# Labidochromis caeruleus - Pure yellow (no black)



## WildAulonocara (Dec 25, 2013)

It has come to my attention that here in Queensland, Australia a species of electric yellows have emerged bearing no black line through the dorsal fin or tipping of the pectoral fins.
Claims have been made by the seller that this pure yellow variant exists in the lake and is not the result of line breeding or hybridization. They also claim that this rare variant exists in only a very few small colonies in lake Malawi.
From my research i have found no labidochromis caeruleus in any geo.origin within the lake that is a pure yellow without the black line.
Is there any documentation or descriptions from fryer or grant that states any of these claims to be true?


----------



## Iggy Newcastle (May 15, 2012)

Welcome to the forum and Merry Christmas...

Not sure if I should do this but here's a paragraph from cichlidae.com...

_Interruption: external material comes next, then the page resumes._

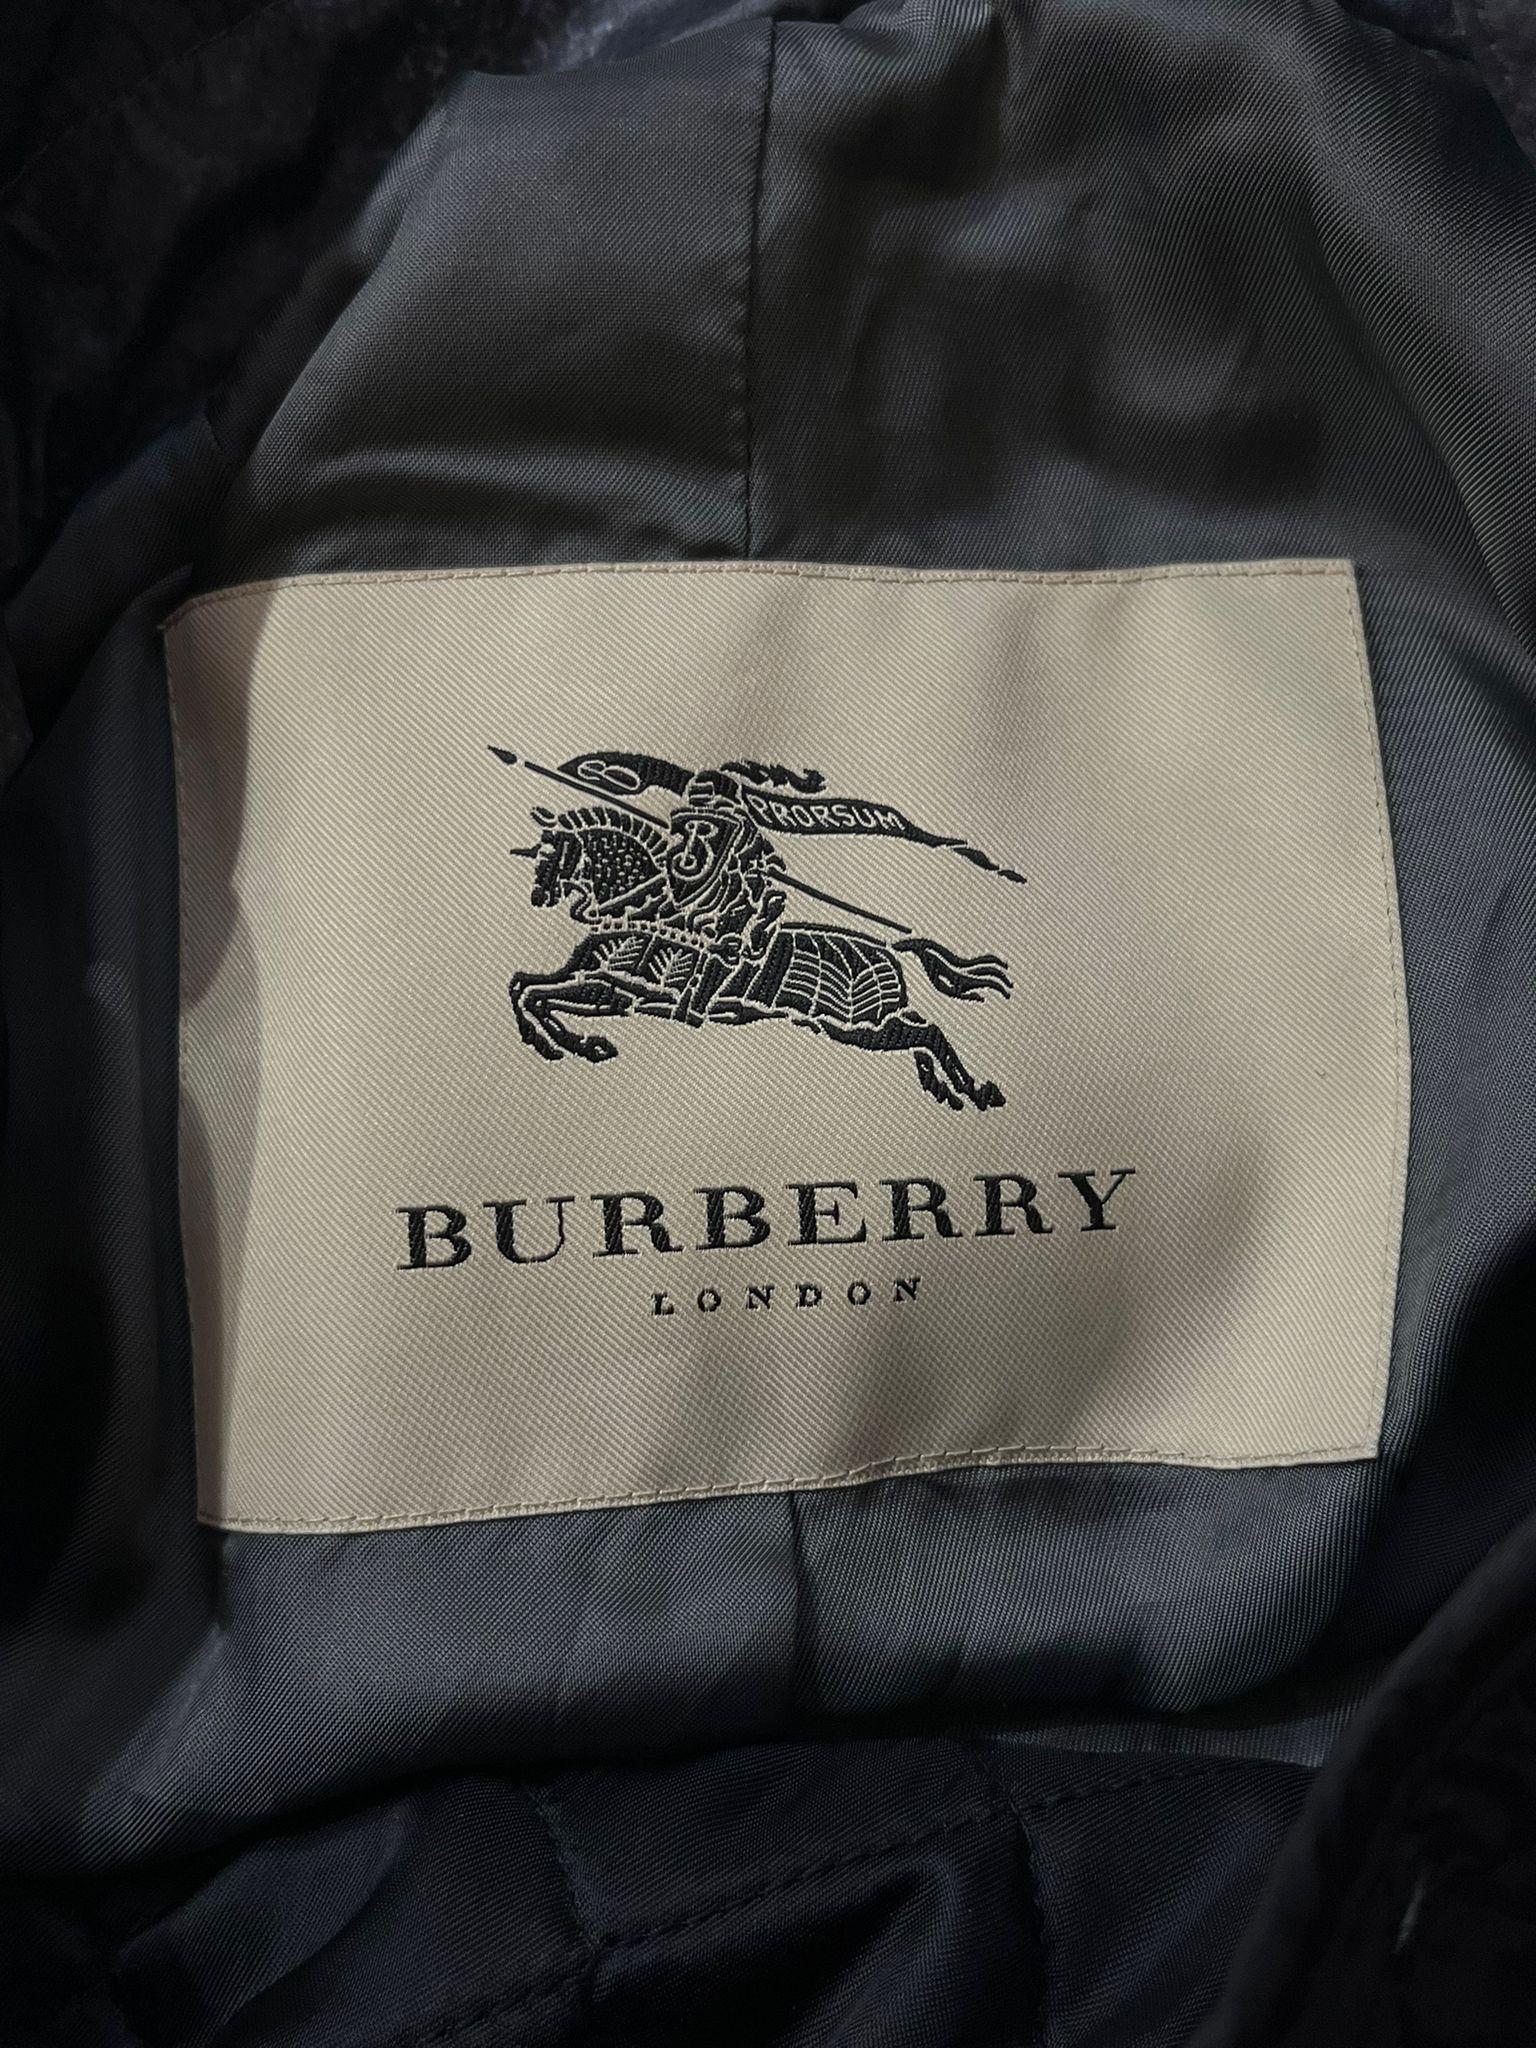 Burberry London Checked Trench Coat For Sale 4
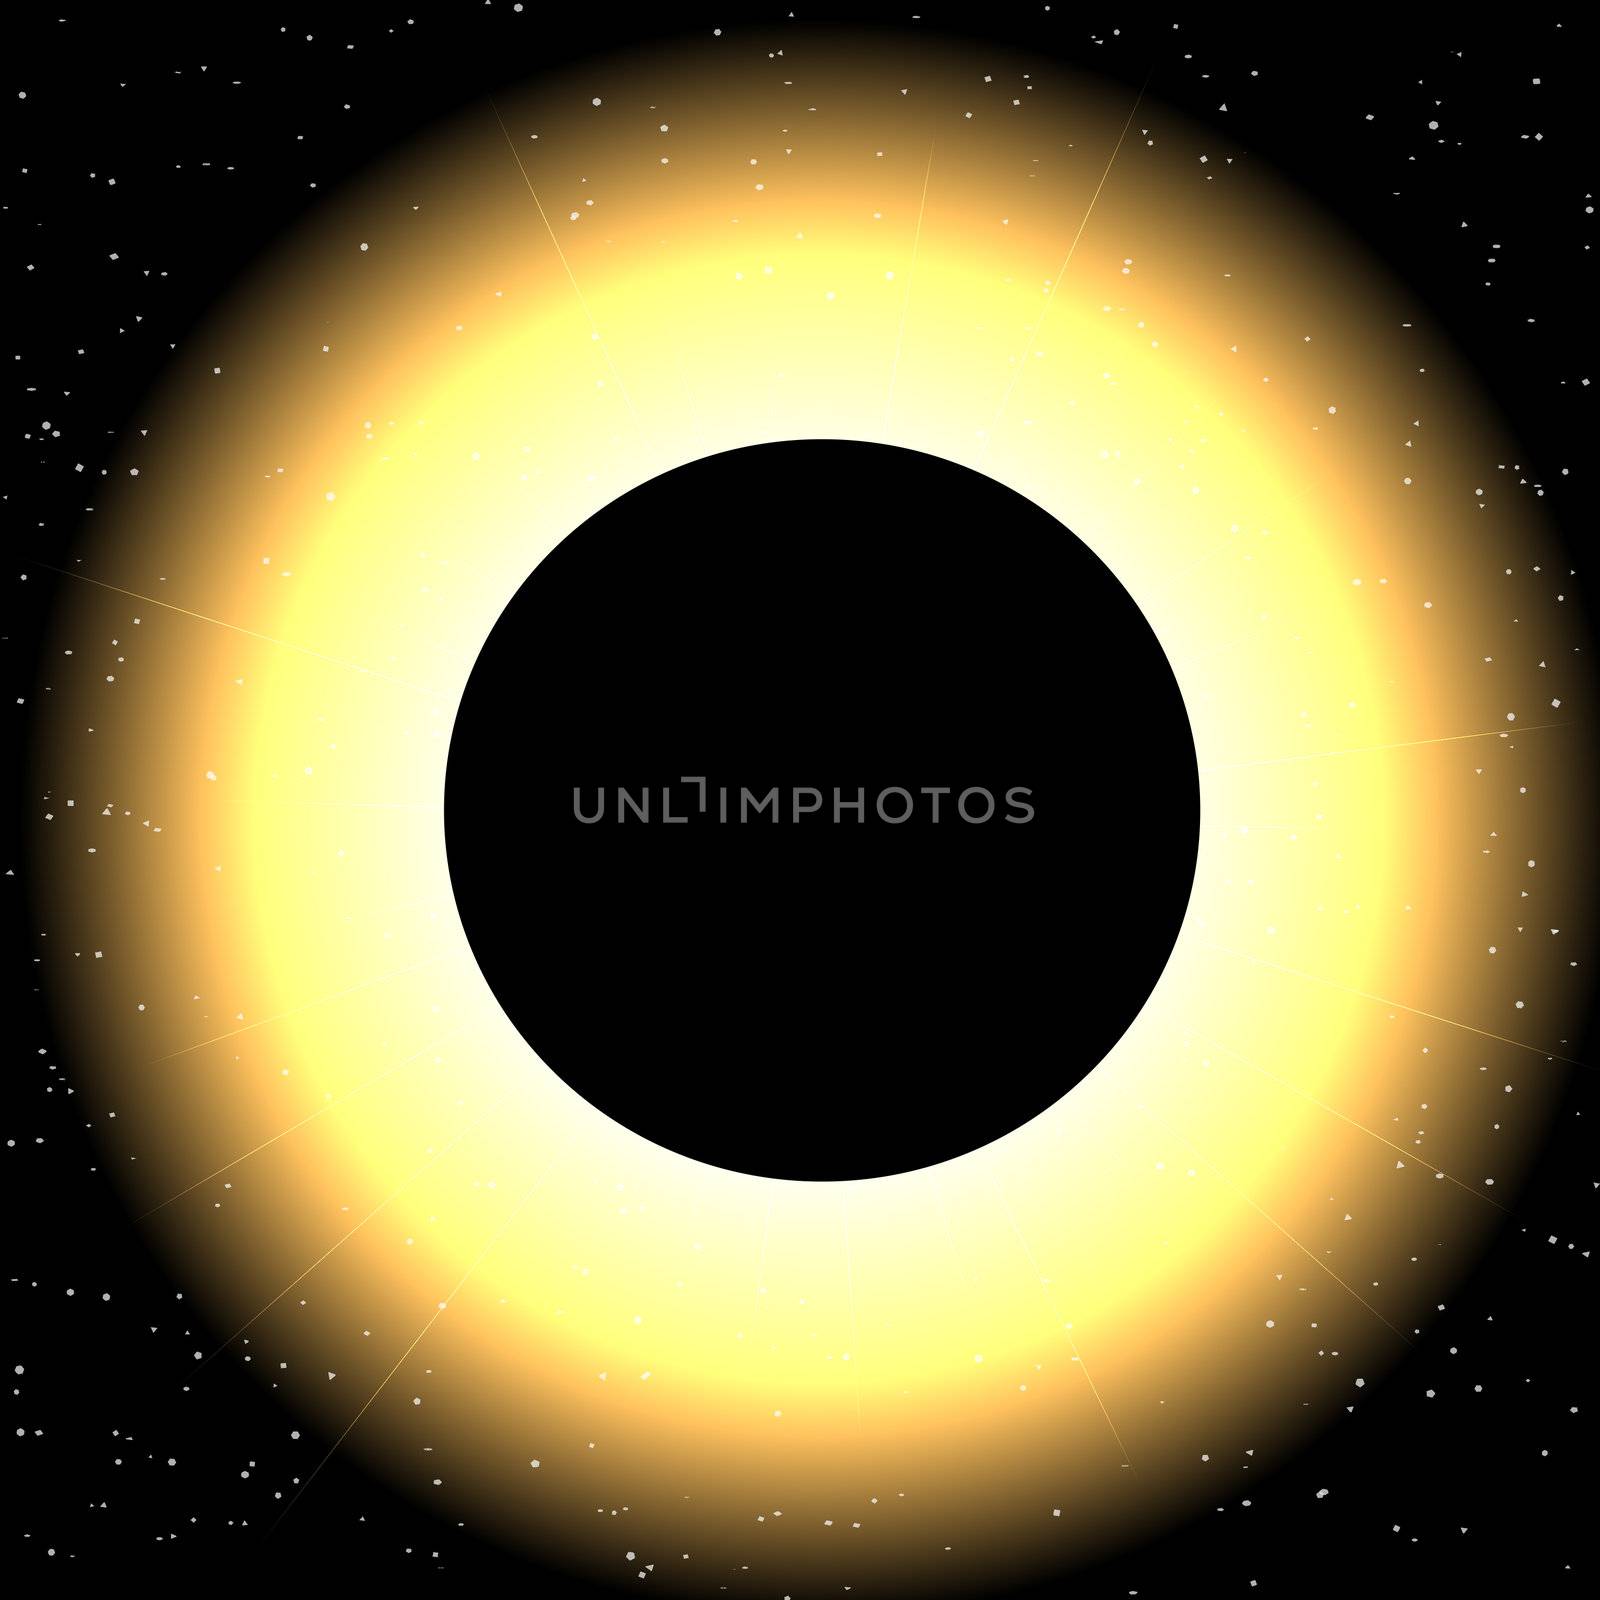 A illustration of an eclipse of a bright object in space

> Distribution: The Yellow Labidochromis is a geographical variant of [spt] which has a much wider distribution on both sides of the lake. Labidochromis caeruleus occurs on the western coast between Charo and Chizi Point and on the eastern coast between Cape Kaiser and Lumbaulo. The Yellow Labidochromis is home to a relatively small area of the northwestern shore of Lake Malawi. It occurs between Charo and Kajizingi, a little south of Lion's Cove (which is locally known as T'hoto). The yellow color variant is not present in all populations between Charo and Kajizingi. The population of Labidochromis caeruleus along the northern bayhead of Ruarwe, Nkhoso Point, is pure white. In Lion's Cove, a very narrow and deep bay about 25 km north of Nkhata Bay, there are two different populations: the one found along the northern part of the bay is more yellow than that found along the southern side, which is yellow on the upper part of the body but white on the lower half. South of Kajizingi all populations known are pure white. The yellow color is very rare in the eastern populations, but some have individuals which have dark vertical bars, e.g. the population at Lundo Island, while others are pure white (most populations along the eastern shore) or light blue, e.g. the males at Thumbi Point in Tanzania. A tiny population "somewhere" along the Tanzanian shore lacks a black submarginal band but both male and female have a golden to orange blaze on the head that extends to below the eyes and covers the nape and sometimes the entire dorsal fin. The precise location is withheld in order to protect this attractive form.


I found the last part interesting, and thought it worth mentioning. Not quite what you're describing though...

I, in my limited experience, have never read about a total yellow Labidochromis caeruleus without the black on dorsal and pectorals that was not a hybrid.


----------



## WildAulonocara (Dec 25, 2013)

thank you for your information, i am very familiar with the variants found, This information is quite extensive on location, i thank you again. As i thought, along with many others, there has been no pure total yellow Labidochromis caeruleus described over the years.


----------



## rennsport2011 (Oct 21, 2013)

The all yellow Labidochromis with no black is a hybrid creation between red zebras and Labs, then line bred to choose the Labidochromis body.


----------



## WildAulonocara (Dec 25, 2013)

thank you, that is what we where thinking, and it has been the most common response.


----------



## GTZ (Apr 21, 2010)

WildAulonocara said:


> It has come to my attention that here in Queensland, Australia a species of electric yellows have emerged bearing no black line through the dorsal fin or tipping of the pectoral fins.


Any pictures available?


----------



## WildAulonocara (Dec 25, 2013)

will load up some now


----------



## WildAulonocara (Dec 25, 2013)

https://www.facebook.com/photo.php?fbid ... t=1&ref=nf


----------



## GTZ (Apr 21, 2010)

Looks the same as these being sold at a certain Canadian chain store, labelled as Lab Lemon Yellow.
You can see the Metriaclima features in some of these specimens, particularly the snout in the last pic.


----------



## pablo111 (Dec 10, 2013)

You can see that even the shape of the face is wrong. The lips are much too fat and the mouth is too bulky- like a Zebra. These are very clearly hybrids.


----------



## Matthewwylie13 (Dec 31, 2013)

Is there a good market for yellow labs?
I am looking to start breeding them. 
will I have trouble selling them?
where are some places that I can sell them?


----------



## Iggy Newcastle (May 15, 2012)

There always seems to be a demand for L. Caeruleus by me.

Check in your area for a fish or cichlid club. Talk to LFS owners to see if they'll buy fry from you.

Most importantly, start with pure, quality fish.


----------